== Exercise goal ==
From the records below, extract only the lines running from the line with "Vy över förarplats i en buss." to the line with "Antenne über ein", both lines included, reproducing them exactly.

(Dataset records)

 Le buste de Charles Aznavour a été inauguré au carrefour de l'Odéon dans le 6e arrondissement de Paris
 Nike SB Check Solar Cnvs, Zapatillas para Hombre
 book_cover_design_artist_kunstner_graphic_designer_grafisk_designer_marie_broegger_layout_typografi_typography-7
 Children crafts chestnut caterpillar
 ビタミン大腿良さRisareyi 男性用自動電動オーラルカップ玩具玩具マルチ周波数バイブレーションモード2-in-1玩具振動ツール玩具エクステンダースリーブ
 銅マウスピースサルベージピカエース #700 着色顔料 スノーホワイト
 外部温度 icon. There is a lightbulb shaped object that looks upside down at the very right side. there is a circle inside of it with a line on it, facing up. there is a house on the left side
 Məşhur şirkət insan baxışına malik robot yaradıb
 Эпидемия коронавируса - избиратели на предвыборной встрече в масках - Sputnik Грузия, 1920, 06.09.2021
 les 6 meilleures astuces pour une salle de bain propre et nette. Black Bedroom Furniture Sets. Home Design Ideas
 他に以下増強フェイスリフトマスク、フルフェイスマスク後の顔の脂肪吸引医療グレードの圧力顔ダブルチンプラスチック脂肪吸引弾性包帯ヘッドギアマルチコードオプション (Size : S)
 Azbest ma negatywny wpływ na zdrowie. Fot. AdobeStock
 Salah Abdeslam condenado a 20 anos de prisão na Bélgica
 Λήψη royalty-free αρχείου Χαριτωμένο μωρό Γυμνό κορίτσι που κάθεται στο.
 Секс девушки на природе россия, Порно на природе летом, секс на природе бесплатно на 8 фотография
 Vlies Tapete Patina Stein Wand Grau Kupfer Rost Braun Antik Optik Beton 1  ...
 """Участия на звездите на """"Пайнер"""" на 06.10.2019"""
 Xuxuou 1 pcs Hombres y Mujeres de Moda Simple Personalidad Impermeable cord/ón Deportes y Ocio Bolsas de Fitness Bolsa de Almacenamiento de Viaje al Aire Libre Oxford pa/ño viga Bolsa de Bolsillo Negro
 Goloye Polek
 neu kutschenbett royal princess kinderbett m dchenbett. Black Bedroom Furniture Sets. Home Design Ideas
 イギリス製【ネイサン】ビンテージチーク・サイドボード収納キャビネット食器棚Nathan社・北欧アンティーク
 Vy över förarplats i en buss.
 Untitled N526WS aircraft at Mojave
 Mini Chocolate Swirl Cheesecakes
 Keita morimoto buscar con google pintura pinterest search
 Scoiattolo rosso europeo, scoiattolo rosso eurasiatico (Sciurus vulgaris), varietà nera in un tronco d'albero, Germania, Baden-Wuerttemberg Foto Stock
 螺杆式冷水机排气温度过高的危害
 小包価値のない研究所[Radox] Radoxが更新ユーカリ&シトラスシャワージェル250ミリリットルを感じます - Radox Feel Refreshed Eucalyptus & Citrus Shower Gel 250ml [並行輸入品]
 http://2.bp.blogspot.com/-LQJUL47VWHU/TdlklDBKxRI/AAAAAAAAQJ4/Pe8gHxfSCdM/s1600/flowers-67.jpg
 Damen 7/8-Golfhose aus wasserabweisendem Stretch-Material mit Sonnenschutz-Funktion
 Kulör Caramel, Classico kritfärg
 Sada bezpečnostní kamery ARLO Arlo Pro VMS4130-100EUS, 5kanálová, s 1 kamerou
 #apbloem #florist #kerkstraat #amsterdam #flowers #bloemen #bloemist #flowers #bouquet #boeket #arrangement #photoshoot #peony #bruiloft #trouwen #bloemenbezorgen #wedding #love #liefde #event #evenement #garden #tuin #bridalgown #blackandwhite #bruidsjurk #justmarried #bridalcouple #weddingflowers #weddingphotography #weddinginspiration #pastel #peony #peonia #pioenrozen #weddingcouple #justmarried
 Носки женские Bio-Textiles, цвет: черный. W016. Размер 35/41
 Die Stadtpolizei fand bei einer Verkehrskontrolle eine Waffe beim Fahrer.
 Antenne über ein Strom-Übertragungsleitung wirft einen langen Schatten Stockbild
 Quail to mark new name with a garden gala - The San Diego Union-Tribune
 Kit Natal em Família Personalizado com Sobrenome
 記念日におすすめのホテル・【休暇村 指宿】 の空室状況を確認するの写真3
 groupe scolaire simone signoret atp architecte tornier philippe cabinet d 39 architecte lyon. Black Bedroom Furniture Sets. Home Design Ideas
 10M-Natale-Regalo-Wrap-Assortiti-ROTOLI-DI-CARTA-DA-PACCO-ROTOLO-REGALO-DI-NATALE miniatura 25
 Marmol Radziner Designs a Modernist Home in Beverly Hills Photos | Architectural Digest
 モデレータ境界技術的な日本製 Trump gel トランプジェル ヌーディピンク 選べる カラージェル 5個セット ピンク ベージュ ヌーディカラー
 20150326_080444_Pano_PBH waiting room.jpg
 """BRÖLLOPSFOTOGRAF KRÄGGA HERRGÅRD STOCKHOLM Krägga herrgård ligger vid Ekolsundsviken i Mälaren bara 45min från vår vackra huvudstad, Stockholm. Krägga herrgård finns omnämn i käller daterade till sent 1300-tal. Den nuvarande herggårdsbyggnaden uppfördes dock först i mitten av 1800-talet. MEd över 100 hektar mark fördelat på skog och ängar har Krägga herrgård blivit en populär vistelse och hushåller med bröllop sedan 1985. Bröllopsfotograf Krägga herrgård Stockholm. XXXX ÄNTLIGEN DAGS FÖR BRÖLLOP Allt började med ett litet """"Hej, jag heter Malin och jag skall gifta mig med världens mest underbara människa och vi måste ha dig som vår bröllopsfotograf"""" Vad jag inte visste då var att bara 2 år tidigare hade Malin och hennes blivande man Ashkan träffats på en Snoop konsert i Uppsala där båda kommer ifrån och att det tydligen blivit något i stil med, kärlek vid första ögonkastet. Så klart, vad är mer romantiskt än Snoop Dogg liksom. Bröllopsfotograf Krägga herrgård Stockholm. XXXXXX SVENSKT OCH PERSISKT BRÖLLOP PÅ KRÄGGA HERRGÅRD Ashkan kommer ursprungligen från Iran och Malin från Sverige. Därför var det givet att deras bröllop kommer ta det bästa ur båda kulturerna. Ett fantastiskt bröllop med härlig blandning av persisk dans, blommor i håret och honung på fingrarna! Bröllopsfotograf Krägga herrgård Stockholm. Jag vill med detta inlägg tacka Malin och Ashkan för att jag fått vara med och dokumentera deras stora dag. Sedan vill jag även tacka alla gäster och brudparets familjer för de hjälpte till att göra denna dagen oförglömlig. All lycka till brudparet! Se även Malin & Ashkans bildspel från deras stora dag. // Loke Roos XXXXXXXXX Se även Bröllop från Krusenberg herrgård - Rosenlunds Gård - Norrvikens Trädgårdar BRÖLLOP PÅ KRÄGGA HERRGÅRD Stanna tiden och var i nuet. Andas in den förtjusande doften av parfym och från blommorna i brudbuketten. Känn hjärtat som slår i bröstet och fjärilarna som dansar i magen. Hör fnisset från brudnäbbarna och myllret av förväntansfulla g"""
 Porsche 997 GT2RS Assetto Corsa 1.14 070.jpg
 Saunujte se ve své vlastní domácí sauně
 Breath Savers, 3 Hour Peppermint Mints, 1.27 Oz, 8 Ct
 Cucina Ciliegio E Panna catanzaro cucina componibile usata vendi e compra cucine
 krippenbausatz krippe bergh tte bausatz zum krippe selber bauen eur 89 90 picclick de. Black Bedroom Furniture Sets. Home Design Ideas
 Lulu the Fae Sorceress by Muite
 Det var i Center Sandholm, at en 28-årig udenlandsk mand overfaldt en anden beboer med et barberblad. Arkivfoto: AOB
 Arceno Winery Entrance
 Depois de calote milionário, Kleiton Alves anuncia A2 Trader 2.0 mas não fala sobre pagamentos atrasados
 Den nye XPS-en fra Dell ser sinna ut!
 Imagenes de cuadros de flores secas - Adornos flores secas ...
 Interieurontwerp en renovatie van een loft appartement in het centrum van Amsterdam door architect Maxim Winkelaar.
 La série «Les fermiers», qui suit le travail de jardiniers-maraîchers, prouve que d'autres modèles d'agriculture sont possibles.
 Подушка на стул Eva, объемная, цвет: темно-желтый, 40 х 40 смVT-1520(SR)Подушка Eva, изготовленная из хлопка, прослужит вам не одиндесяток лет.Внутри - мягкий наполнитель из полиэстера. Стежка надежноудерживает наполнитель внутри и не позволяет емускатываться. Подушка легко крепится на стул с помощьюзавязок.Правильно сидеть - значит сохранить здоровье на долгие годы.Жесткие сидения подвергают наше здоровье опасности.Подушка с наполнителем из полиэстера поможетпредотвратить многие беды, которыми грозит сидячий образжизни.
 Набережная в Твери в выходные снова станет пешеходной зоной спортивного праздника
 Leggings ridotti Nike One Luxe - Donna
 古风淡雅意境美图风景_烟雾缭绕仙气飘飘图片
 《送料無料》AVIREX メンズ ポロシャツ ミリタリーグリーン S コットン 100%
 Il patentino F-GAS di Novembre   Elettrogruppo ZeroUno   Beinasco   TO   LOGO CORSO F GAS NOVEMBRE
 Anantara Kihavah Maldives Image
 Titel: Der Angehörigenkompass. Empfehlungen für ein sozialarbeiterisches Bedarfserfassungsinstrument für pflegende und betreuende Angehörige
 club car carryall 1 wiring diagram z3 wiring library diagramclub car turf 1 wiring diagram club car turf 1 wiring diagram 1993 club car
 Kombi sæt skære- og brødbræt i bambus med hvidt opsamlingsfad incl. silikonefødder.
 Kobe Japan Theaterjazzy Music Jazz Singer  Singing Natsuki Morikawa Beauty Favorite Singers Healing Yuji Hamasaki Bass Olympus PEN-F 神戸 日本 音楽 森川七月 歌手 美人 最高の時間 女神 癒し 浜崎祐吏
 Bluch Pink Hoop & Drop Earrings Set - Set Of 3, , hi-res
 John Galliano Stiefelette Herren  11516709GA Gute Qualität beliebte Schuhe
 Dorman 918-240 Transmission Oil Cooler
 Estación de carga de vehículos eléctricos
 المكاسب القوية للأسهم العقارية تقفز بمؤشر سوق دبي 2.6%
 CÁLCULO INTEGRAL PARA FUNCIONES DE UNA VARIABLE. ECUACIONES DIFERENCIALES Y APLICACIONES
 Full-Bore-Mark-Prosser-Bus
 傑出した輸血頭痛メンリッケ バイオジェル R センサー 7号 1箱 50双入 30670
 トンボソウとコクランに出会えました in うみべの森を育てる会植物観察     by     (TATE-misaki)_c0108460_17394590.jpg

== Your solution ==
 Vy över förarplats i en buss.
 Untitled N526WS aircraft at Mojave
 Mini Chocolate Swirl Cheesecakes
 Keita morimoto buscar con google pintura pinterest search
 Scoiattolo rosso europeo, scoiattolo rosso eurasiatico (Sciurus vulgaris), varietà nera in un tronco d'albero, Germania, Baden-Wuerttemberg Foto Stock
 螺杆式冷水机排气温度过高的危害
 小包価値のない研究所[Radox] Radoxが更新ユーカリ&シトラスシャワージェル250ミリリットルを感じます - Radox Feel Refreshed Eucalyptus & Citrus Shower Gel 250ml [並行輸入品]
 http://2.bp.blogspot.com/-LQJUL47VWHU/TdlklDBKxRI/AAAAAAAAQJ4/Pe8gHxfSCdM/s1600/flowers-67.jpg
 Damen 7/8-Golfhose aus wasserabweisendem Stretch-Material mit Sonnenschutz-Funktion
 Kulör Caramel, Classico kritfärg
 Sada bezpečnostní kamery ARLO Arlo Pro VMS4130-100EUS, 5kanálová, s 1 kamerou
 #apbloem #florist #kerkstraat #amsterdam #flowers #bloemen #bloemist #flowers #bouquet #boeket #arrangement #photoshoot #peony #bruiloft #trouwen #bloemenbezorgen #wedding #love #liefde #event #evenement #garden #tuin #bridalgown #blackandwhite #bruidsjurk #justmarried #bridalcouple #weddingflowers #weddingphotography #weddinginspiration #pastel #peony #peonia #pioenrozen #weddingcouple #justmarried
 Носки женские Bio-Textiles, цвет: черный. W016. Размер 35/41
 Die Stadtpolizei fand bei einer Verkehrskontrolle eine Waffe beim Fahrer.
 Antenne über ein Strom-Übertragungsleitung wirft einen langen Schatten Stockbild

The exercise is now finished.